Zusammenfassend sei gesagt: Gehen wir in der Lectio divina täglich neu auf den Herrn zu, so werden wir erfahren: Jedes Wort ist uns „ein Anruf Gottes um unseres Heiles willen“ (J.Leclercq, Wissenschaft und Gottverlangen), führt uns näher zur Mitte des Glaubens hin, zu Christus, dann sind wir ganz persönlich angesprochen und gefordert, mit Leib und Seele, mit Gedächtnis, Verstand und Willen.

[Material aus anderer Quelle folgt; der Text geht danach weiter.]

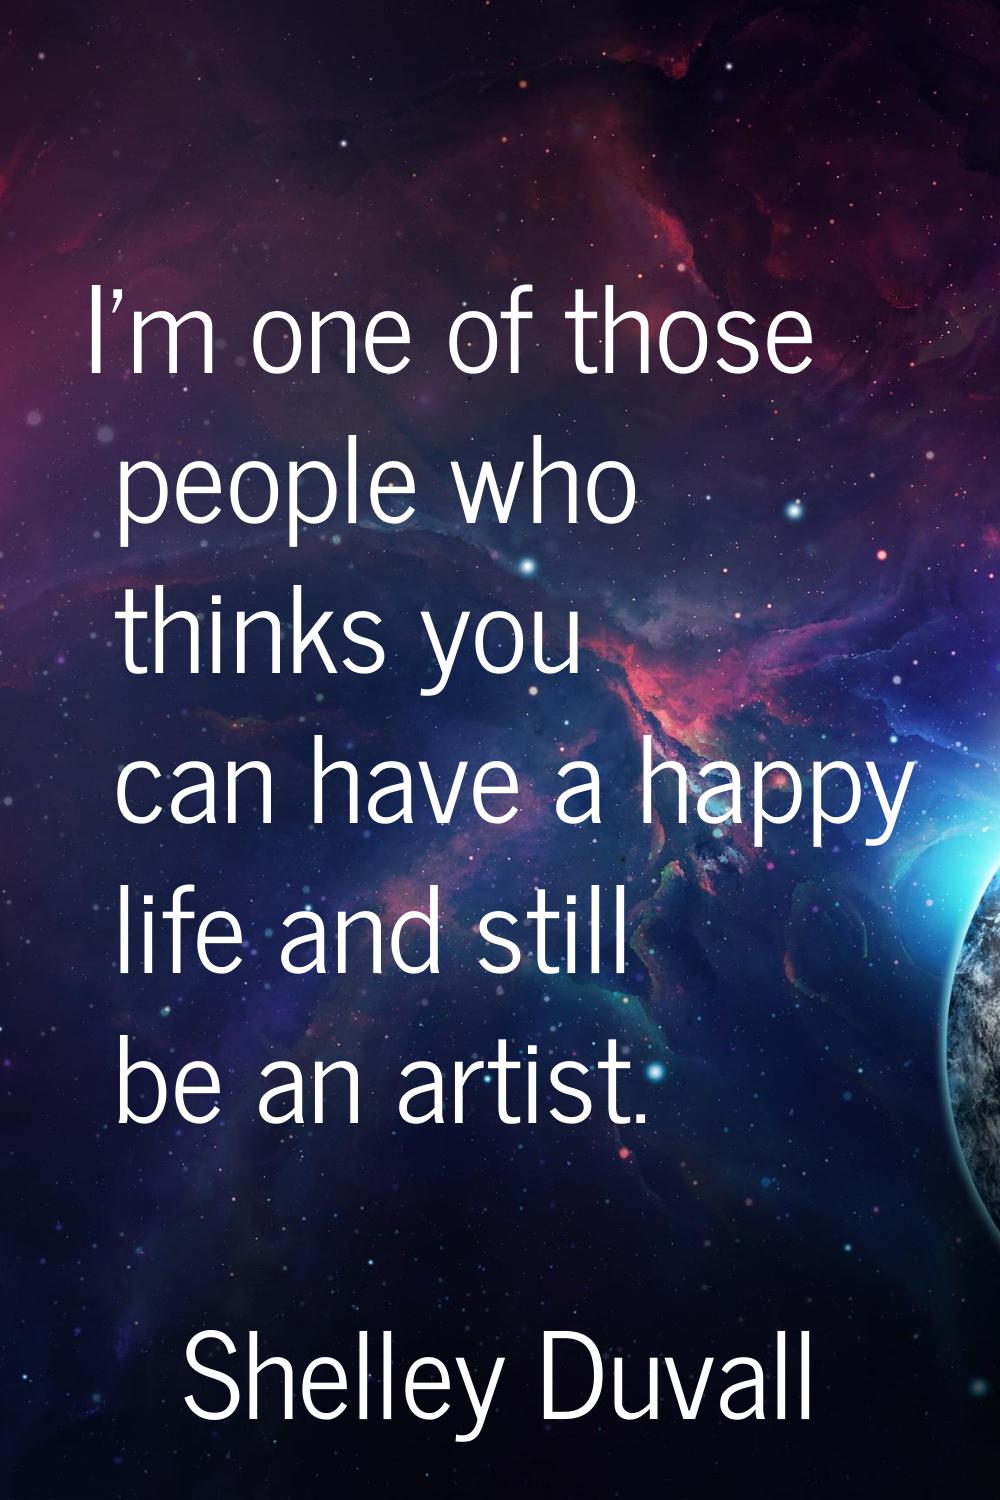 I'm one of those people who thinks you can have a happy life and still be an artist.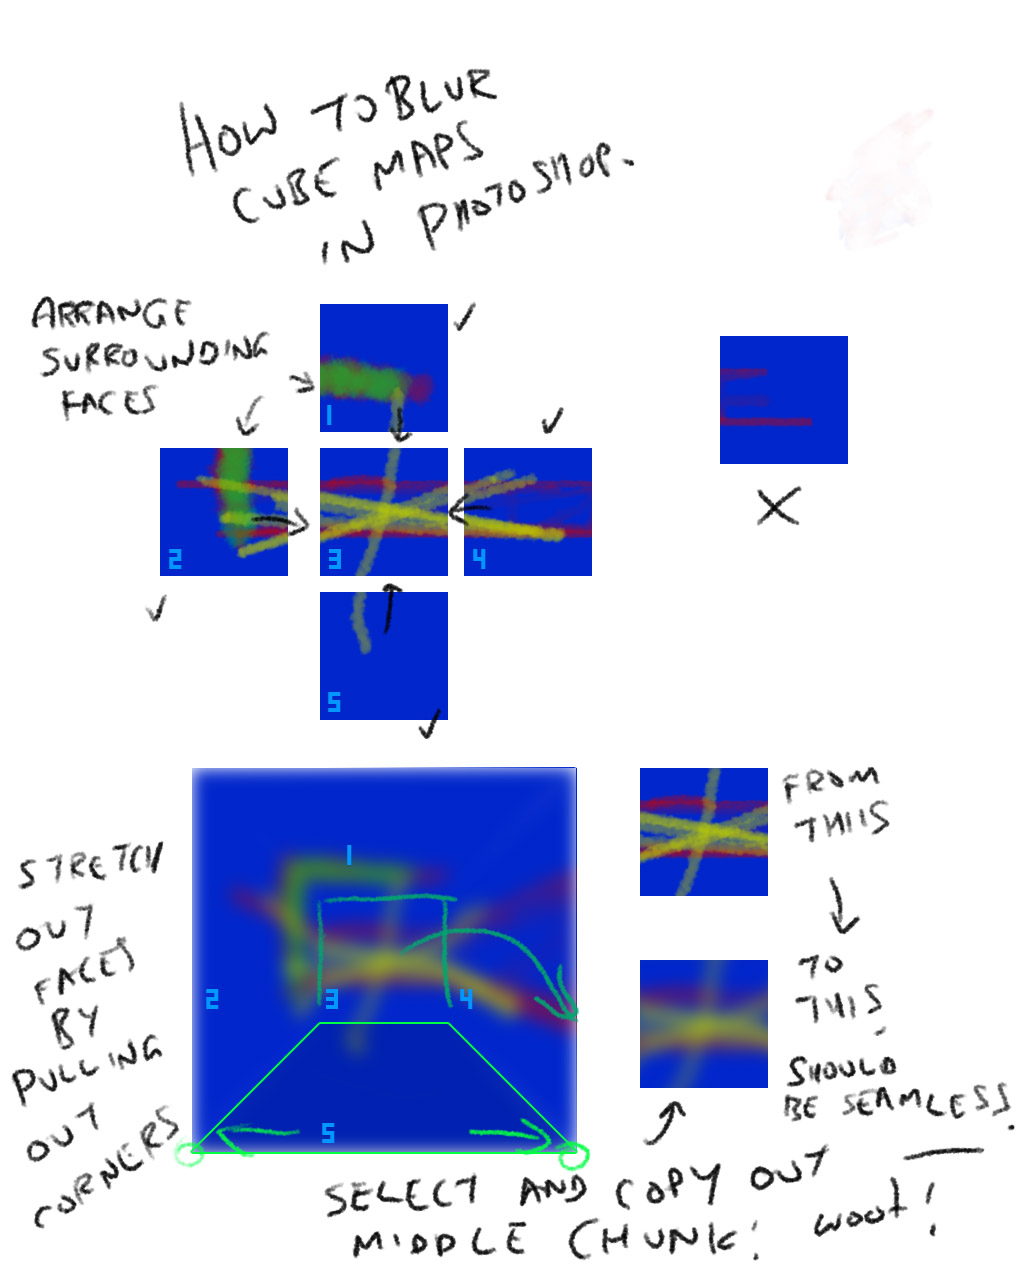 How_to_Blur_Cubemaps_in_PS_by_JohnnySix.jpg

Praktische Schritte zur Lectio divina:

1. Lesen wir den Text laut und langsam.
2. Schreiben wir den Text einmal ab, vielleicht auch mit einer graphischen Gestaltung.
3. Wiederholen wir den Text mehrmals im Sinn der „Ruminatio“, leise in sich hinein „murmelnd“.
4. Hören wir uns selbst beim Sprechen zu.
5. Folgen wir genau dem Wortlaut des Textes.
6. Achten wir auf Wortwiederholungen, inhaltliche Wiederholungen und auf „Brüche“ im Text.
7. Versuchen wir den Text in seiner Struktur zu verstehen.
8. Wie können wir den Textsinn zusammenfassen?
9. Assoziieren wir den Wortlaut mit anderen biblischen oder auch außerbiblischen Texten.
10. Verbinden wir den Text mit Zeitereignissen und eigenen Erfahrungen im Rahmen Ihrer Möglichkeiten.
11. Gibt es Fragen, die uns der Text stellt?
12. Bringen wir unsere Gedanken, unsere Fragen, unsere Bitten vor Gott!
13. Versuchen wir, Gott Antwort zu geben.
14. Vergessen wir nicht, Gott für sein Wort zu danken.

 

 Ein persönlicher Weg zum Kennen- und Lebenlernen der Regula Benedicti

Im Folgenden berichte ich hier von einem persönlichen Weg berichten, der für mein geistliches Leben prägend geworden ist. Ich tue es gern, denn ich wünsche mir nichts so sehr, als dass möglichst viele Geschmack an diesem Weg finden, ihn als Möglichkeit entdecken, die Benediktsregel kennen-, lieben- und leben-zu lernen. Es ist der Weg eines Tagebuches mit der Benediktsregel. Ich gehe diesen Weg nunmehr seit fast 20 Jahren und immer noch entdecke ich Neues und Überraschendes auf diesem Weg.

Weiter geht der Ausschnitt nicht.